On my local laptop, this completes in a couple hours. But on EC2, this takes days and days. The input and output files are on an attached EFS volume – I’m not sure if that makes any difference. I tried writing to the local volume where the app is running, but there was no change in the performance.

What is significant is that on my local laptop, top shows that BEAM is gobbling up CPU – it spikes up to 200%. But on the EC2 instance, top shows very little activity for CPU, e.g. maybe 30% or 40% tops.

Can anyone recommend some other ways to troubleshoot a performance issue like this?

Thanks in advance!

This thread may be of interest to you.

I would try out File.stream! and doing more lines at once:

Getting fast I/O stream processing in Elixir does require some non-obvious tweaks. Due to the way I/O works on the BEAM (there’s a special process that does I/O and passes results to your process as a message), you want the messages to be as long as possible to avoid overheads.

One thing I’ve been bitten by before with AWS services is how they scale bandwidth / IOPS relative to size - for instance, an RDS database’s write performance is directly related!

There’s similar language in the EFS docs:

In Bursting Throughput mode, the base throughput is proportionate to the file system’s size in the EFS Standard storage class, at a rate of 50 KiBps per each GiB of storage.

(below the chart) Amazon EFS provides a metered throughput of 1 MiBps to all file systems, even if the baseline rate is lower.

You can tell for sure by watching the EFS metrics in CloudWatch while running this code. My prediction is that the writes eat all the credits and then you end up with floppy-disk-level IO performance.

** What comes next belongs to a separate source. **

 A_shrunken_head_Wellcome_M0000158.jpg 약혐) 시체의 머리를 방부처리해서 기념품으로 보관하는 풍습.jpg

You may get some benefit from bumping the buffer size for delayed_writes up, since EFS considers a 500-byte write request as taking 4kB from your quota (likely aggravating the issue above):

Every Network File System (NFS) request is accounted for as 4 kilobyte (KB) of throughput, or its actual request and response size, whichever is larger.

2 Likes

Thank you, these are both helpful posts. I think I am getting dinged by the weird taxi-cab metering here. Some of the writes are buried more deeply in the code and would be difficult to consolidate (e.g. via Stream.chunk_every/2), but I did bump up the read_ahead values and skipped a few extraneous writes and that did improve the performance (admittedly only to maybe 2x floppy-disk level IO). For a more thorough fix, I think I’d need to rope in some telemetry or some other side-effects so I can measure progress more effectively.

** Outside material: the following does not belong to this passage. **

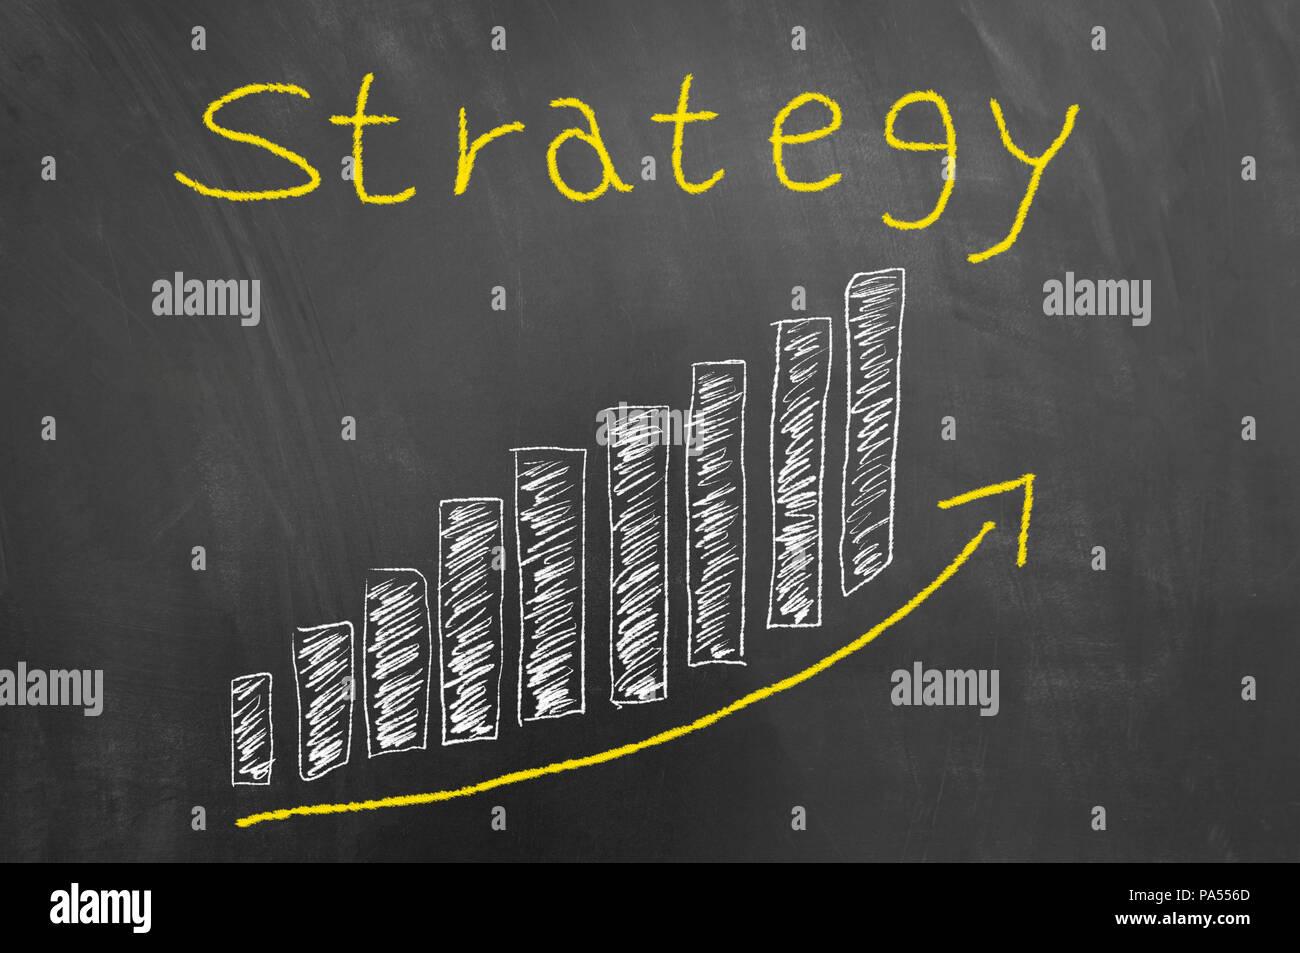 strategy arrow up bars chalk graphic on chalkboard or blackboard as

Side note: IO.binwrite supports IO data, so a low hanging-fruit that might speed it up could be replacing Jason.encode! by Jason.encode_to_iodata!:

IO.binwrite(output_file, [Jason.encode_to_iodata!(parsed), "\n"])

This function should be preferred to encode/2, if the generated JSON will be handed over to one of the IO functions or sent over the socket. The Erlang runtime is able to leverage vectorised writes and avoid allocating a continuous buffer for the whole resulting string, lowering memory use and increasing performance.

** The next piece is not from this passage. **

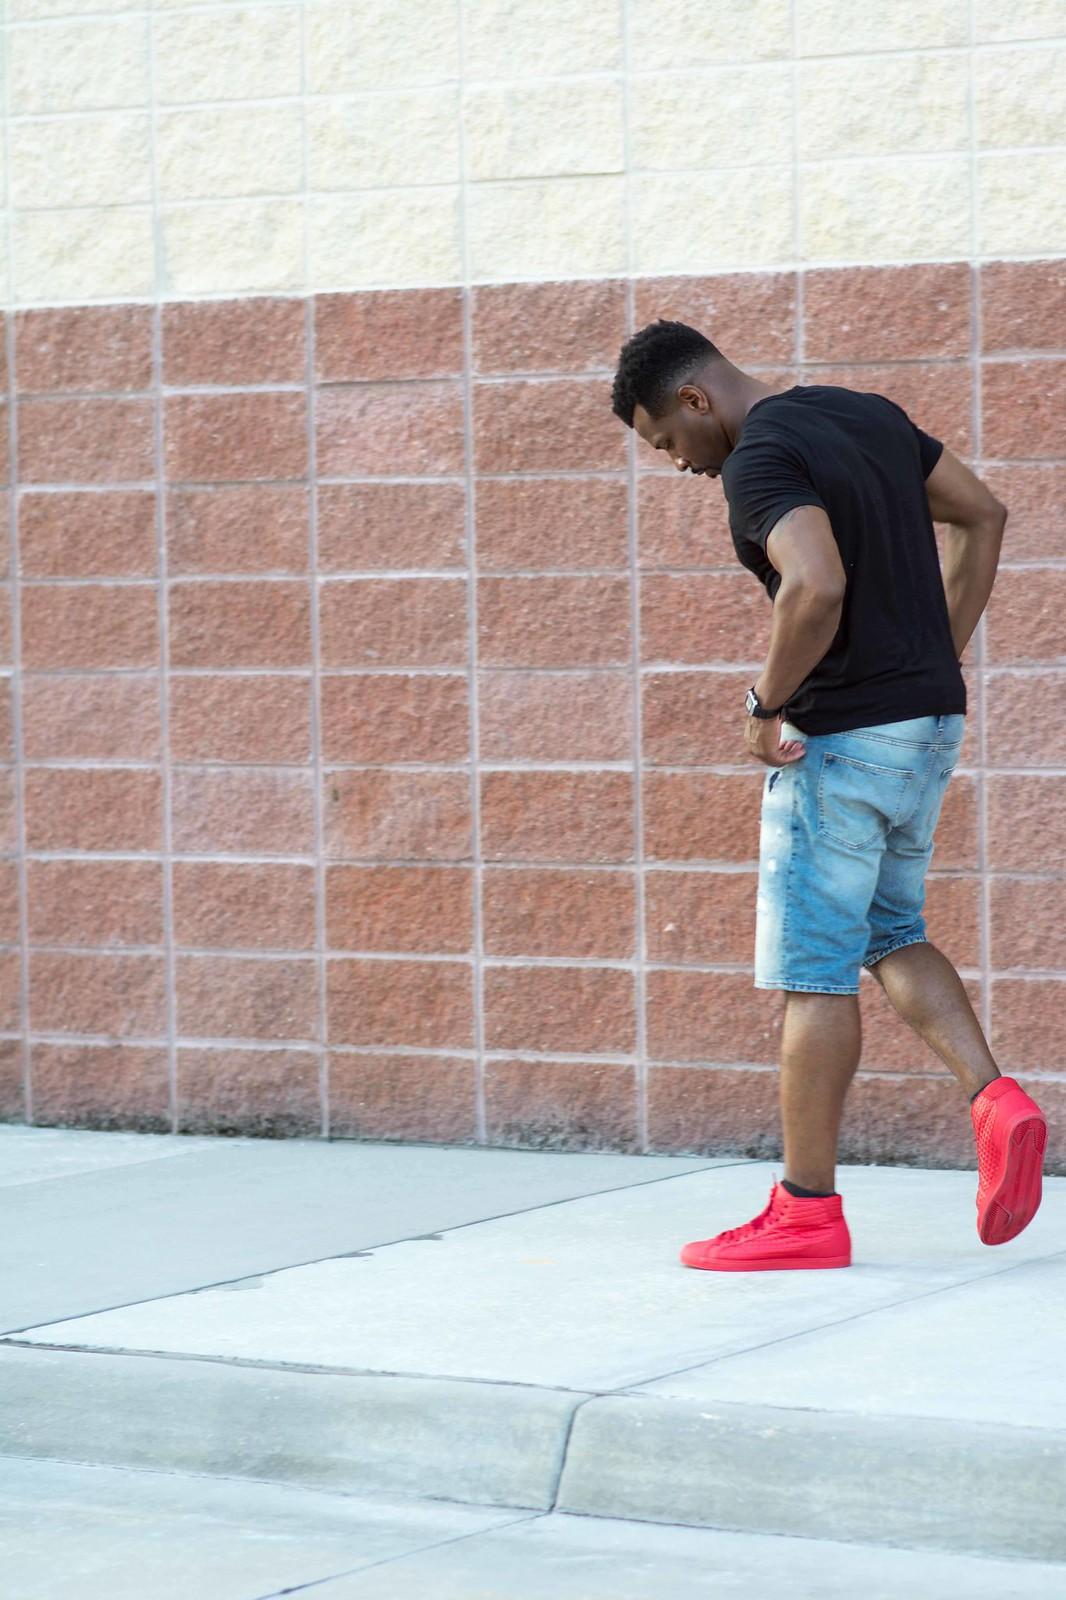 how to wear red shoes, keshaun fudge

Ah, of course, that would help. Thank you.

However, the biggest problem remains the writing of millions of individual files (not shown in the example), and the difference between running this locally and running it on EC2 is jaw-dropping. I have yet to find a good AWS solution for dealing with millions of individual files.

Why would they need to be individual files?

The thing being built is a file manager: individual assets need to be tracked.

Not sure how much of an argument that is. S3 does rather well at tracking individual files and it’s not using a filesystem.

S3 failed horribly at this particular setup. If I write up a formal evaluation, I’ll post the numbers here.

I’m not trying to say S3 is perfect. My argument is that at a certain level the difference between a database and a filesystem become blurry and if one implementation of that is not fast enough another one might be more suitable.

The EFS docs explicitly suggest that “lots of small files” is a performance concern because of the protocol overhead.

What about writing to instance storage or EBS instead? Either of those should have closer-to-local performance, though IIRC there are similar bandwidth/size correlations for EBS.

I saw the same performance when writing to the local EC2 file system. Is that subject to the same limits as writing to EFS?